→ **What is needed**
From the records below, copy each line in which the string "wire" occurs.

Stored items

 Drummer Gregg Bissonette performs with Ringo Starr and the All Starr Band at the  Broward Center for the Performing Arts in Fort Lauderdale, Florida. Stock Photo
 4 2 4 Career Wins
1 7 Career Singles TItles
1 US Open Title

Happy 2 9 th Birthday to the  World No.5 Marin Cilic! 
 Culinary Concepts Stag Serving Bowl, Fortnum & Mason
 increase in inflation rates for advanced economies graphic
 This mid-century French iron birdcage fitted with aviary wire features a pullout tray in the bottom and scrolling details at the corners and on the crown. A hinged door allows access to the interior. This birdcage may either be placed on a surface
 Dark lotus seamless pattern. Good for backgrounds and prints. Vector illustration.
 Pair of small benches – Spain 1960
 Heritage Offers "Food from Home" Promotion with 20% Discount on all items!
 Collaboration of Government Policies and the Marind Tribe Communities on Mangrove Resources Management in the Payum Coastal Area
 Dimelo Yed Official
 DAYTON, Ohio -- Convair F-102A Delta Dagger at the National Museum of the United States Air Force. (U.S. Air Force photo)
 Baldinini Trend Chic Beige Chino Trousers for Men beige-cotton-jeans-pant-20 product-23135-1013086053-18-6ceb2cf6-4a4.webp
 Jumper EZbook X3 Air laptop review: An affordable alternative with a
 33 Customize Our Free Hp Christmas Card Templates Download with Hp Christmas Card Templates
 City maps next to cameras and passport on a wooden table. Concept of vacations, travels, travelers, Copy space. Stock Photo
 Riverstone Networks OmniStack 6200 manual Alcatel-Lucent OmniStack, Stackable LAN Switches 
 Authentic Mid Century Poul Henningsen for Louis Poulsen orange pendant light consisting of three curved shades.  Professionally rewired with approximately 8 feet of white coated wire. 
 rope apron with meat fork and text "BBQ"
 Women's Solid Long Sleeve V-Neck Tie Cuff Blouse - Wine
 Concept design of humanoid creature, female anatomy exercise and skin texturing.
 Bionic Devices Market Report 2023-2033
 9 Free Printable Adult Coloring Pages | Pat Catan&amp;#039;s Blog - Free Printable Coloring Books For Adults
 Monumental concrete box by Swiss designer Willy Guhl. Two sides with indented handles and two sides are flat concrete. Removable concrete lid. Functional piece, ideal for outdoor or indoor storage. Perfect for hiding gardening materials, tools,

→ **Written solution**
 This mid-century French iron birdcage fitted with aviary wire features a pullout tray in the bottom and scrolling details at the corners and on the crown. A hinged door allows access to the interior. This birdcage may either be placed on a surface
 Authentic Mid Century Poul Henningsen for Louis Poulsen orange pendant light consisting of three curved shades.  Professionally rewired with approximately 8 feet of white coated wire. 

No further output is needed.